The blobs directory contains all of the model files, organized by model name and variant. The manifests directory contains a registry file for each Ollama registry. In this case, there is only one: registry.ollama.ai. This file lists all of the models in that registry, along with their variants. The latest file in each model directory is a symlink to the latest variant of that model, and running the latest model is the default (i.e. ollama run codellama is equivalent to ollama run codellama:latest).

Help

  • When setting up the environment variables: Pay close attention to the single- and double-quotes when configuring this or it will break.

TODO

  1. Check if Ollama models are running / active before allowing any part of the utility to run.
  2. Develop wrapper function for other commands in ollama API (via ollama-python)
  3. Eventually, maybe even have so much wrapper around this that ollama wouldn't know which cache you used for which models. The user could be presented with all models in the internal/external cache, and then the invoking method could figure out how to handle the symlinks.
    1. Only potential issue here would be that you could only have one model running at any given time.
  4. Tab-completion in zsh.

Authors

Contributors names and contact info

Version History

  • 2.0.0
    • Completely re-written utility, which first creates a stable internal model of the cache structure before manipulating it
    • Uses the ollama-python library in some places, in particular ollama.delete() improves integrity of cache.
    • No more double-copy of blob files in some cases.
  • 1.1.2
    • Fixed a couple small errors, made code make more sense including menus that quit when you want them to and more input options.
  • 1.1.0
    • Bunch of new features, including bulk remove models from your Ollama cache! Instead of running ollama rm <long-ollama-name:some-other-tag>, OllamaUtil now allows you to safely remove models from your cache. It uses Ollama's
  • 0.1.0
    • Initial Release

License

Copyright 2024 Andrew M. Cox

Licensed under the Apache License, Version 2.0 (the "License"); you may not use this file except in compliance with the License. You may obtain a copy of the License at

   [http://www.apache.org/licenses/LICENSE-2.0]

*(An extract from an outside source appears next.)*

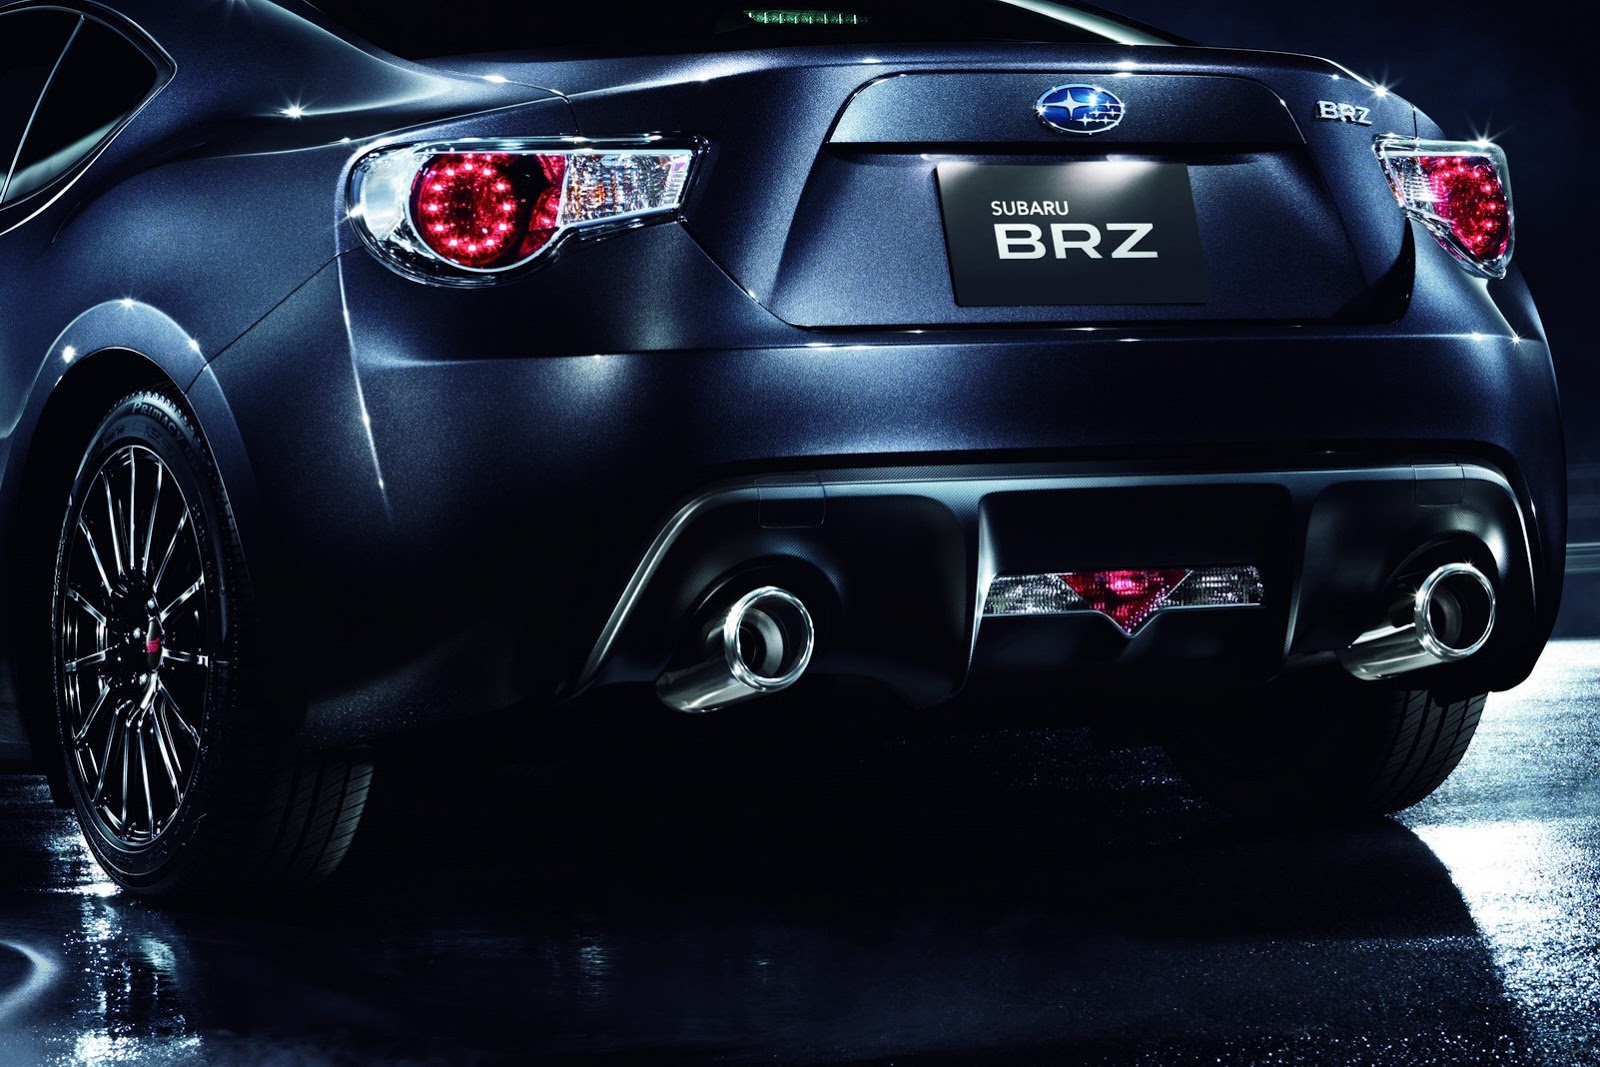  Subaru  BRZ  Premium Sports  diffuser AutonetMagz Review

Unless required by applicable law or agreed to in writing, software distributed under the License is distributed on an "AS IS" BASIS, WITHOUT WARRANTIES OR CONDITIONS OF ANY KIND, either express or implied. See the License for the specific language governing permissions and limitations under the License.

Acknowledgments

  • Thanks to Ollama for creating a great tool for running LLMs.
  • Thanks to the (ollama-python)[https://github.com/ollama/ollama-python] project for the Python API hooks!
  • Thanks to the (llama.cpp)[https://github.com/ggerganov/llama.cpp] project for enabling conversion and quantization of models, and getting me interested in AI tinkering.
  • Thanks to my previous CS professors--apparently I still know a thing or two, or at least pretend to!